Wirral mum hopes video will help save son's life
I read this story in the Wirral Globe this week and felt really sorry for this lovely young boy and his family and decided to give them a bit more publicity by posting it on this forum to give more people the opportunity to help them.
A WIRRAL mum, whose little boy has a severe muscle wasting disease, is hoping an internet video will save his life.
Kelly Magee, from Prenton, has posted a video on YouTube to educate viewers on her two-year-old son’s condition, Duchenne Muscular Dystrophy, in the hope that they will sign a Government petition.
The 32-year-old is hoping the four-minute montage, which is set to Coldplay's 'Fix You', will tug on people's heartstrings and encourage them to back her petition to fund research into the rare condition.
And Kelly is desperate to spread the word about Duchenne's and highlight the impact it has on its sufferers, including her son William.
She said: "We found out about William's condition last year after he was taking longer to learn to walk and kept falling over.
"I immediately threw myself into fundraising and raising awareness as few people know about it.
"Our petition is basically to get the Government to fund research into Duchenne's.
"It's possible that once the money is there, it could take just a couple of years to find a cure. However we need 100,000 signatures for the matter to even be considered in Parliament so I came up with the idea of a YouTube video.
"The video shows children at different stages of the disease. It's very emotional and heartbreaking to watch but that's what you need to do to make people think about it.
"We managed to get permission from Coldplay to use their song which adds to the impact of the montage."
Duchenne Muscular Dystrophy is a progressive, aggressive muscle wasting condition which is most common in boys.
Symptoms usually begin in the legs and pelvis before the disease slowly takes away all use of the body's muscle, leading to eventual death.
And Kelly, who is also mother to eight-year-old Elizabeth, said her family’s world has been rocked by William's diagnosis but is hoping other parents will support her plight.
She said: "There are around 2,500 children in the UK with the condition. It seems like such a small number but it is horrific and is guaranteed death.
"I would say to other mums out there to imagine waking up every morning and finding out that someone you love has passed away.
"I feel like I am grieving every day for William, grieving for what he has already lost and grieving for his future – he will never be able to give me grandchildren, get married or play football with his friends.
"As a mother, I feel an enormous sense of guilt for also giving my daughter a little brother with this condition.
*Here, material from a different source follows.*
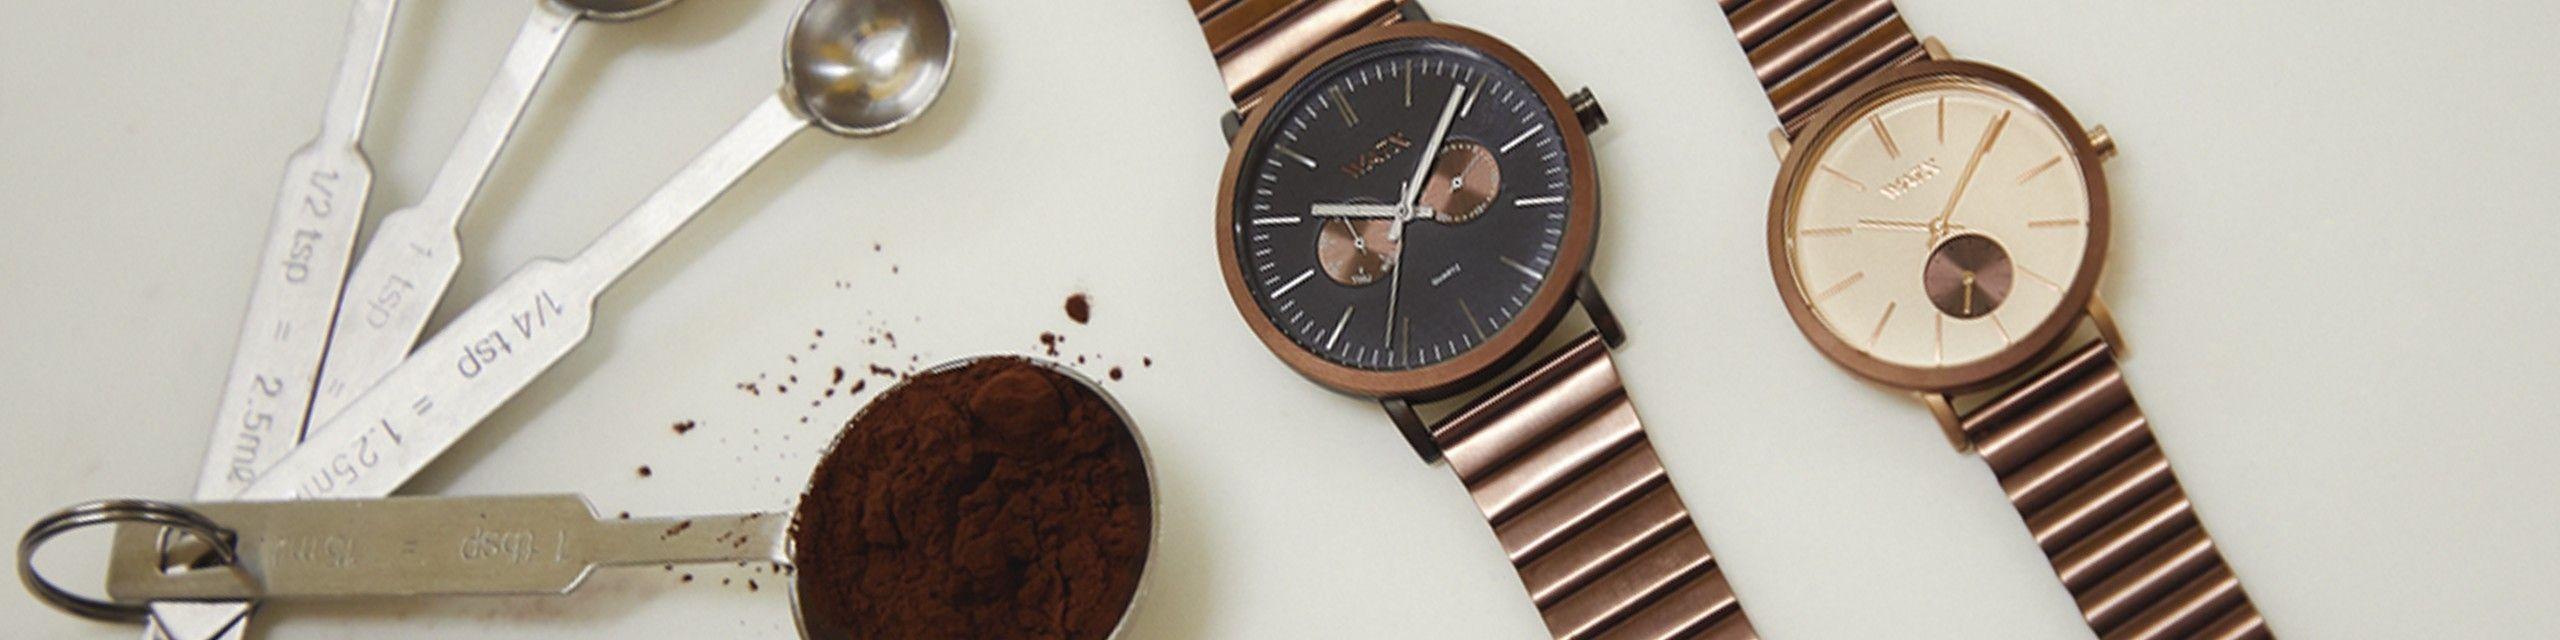 Braceletes de relógio elegantes - Watx Portugal

"She absolutely adores him but how do I explain to her what may or may not lie ahead for him?
"I am hoping that enough people will watch the video and follow the link to sign the petition – we need their help so much."
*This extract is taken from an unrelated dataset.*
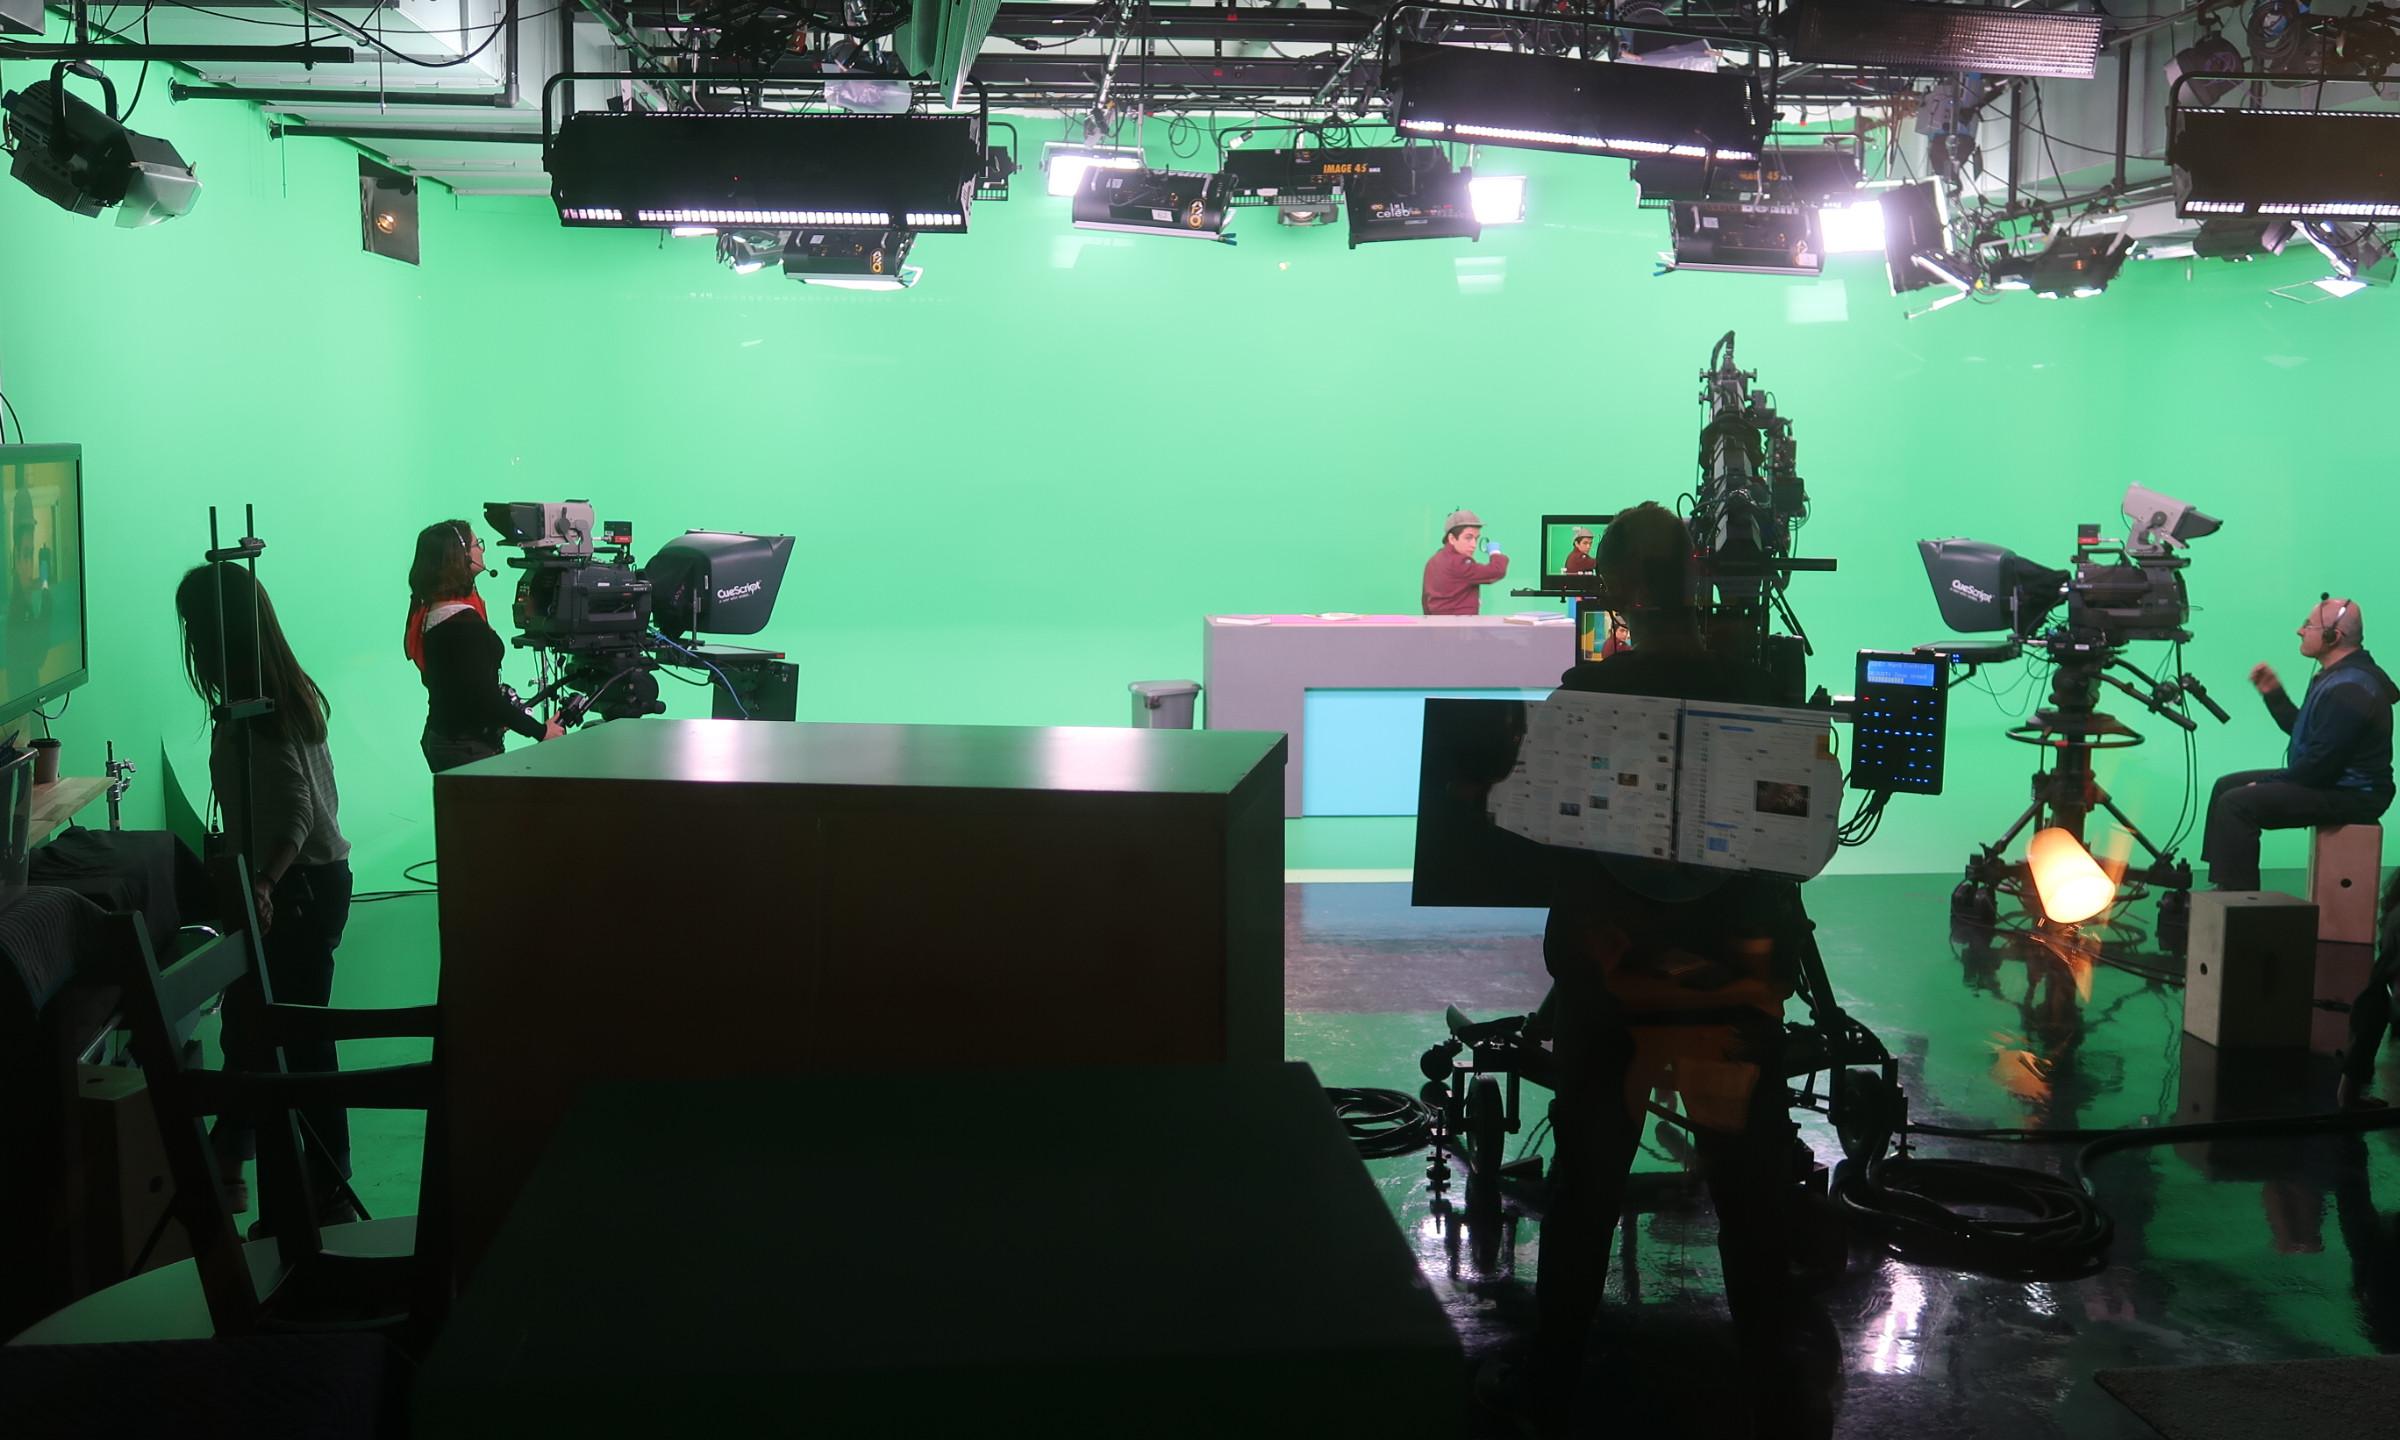 Day 2: Green Screen

A family fun day will be held in aid of Duchenne Now on August 19 at White's Farm, Station Road, Thurstaston.
It will take place from 12pm – 4pm and include raffles, donkey rides and makeovers.
That is Williams story please watch his video, it is heartbreaking to think all theses lovely youngsters are not going to live much past the age of twenty This is the link :- http://www.youtube.com/watch?v=yoKPBJhDONc
It is called Fix You & William Duchenne.
When you've watched this video if you can see through the tears go to the epetition page at http://epetitions.direct.gov.uk/petitions/14427
The petition is not going too well as yet so if you decide to sign include all members of your family.
There is also a web page with an appeal to buy a song off I tunes for 99p the link to which is http://www.savewilliamduchenne.co.uk/
Sorry if this is a long and rambling post but I was touched and believe many of you will want to help even if you only sign the petition.
This story is also an illustration that we should be grateful for what we have and that there is always someone worse off than youself.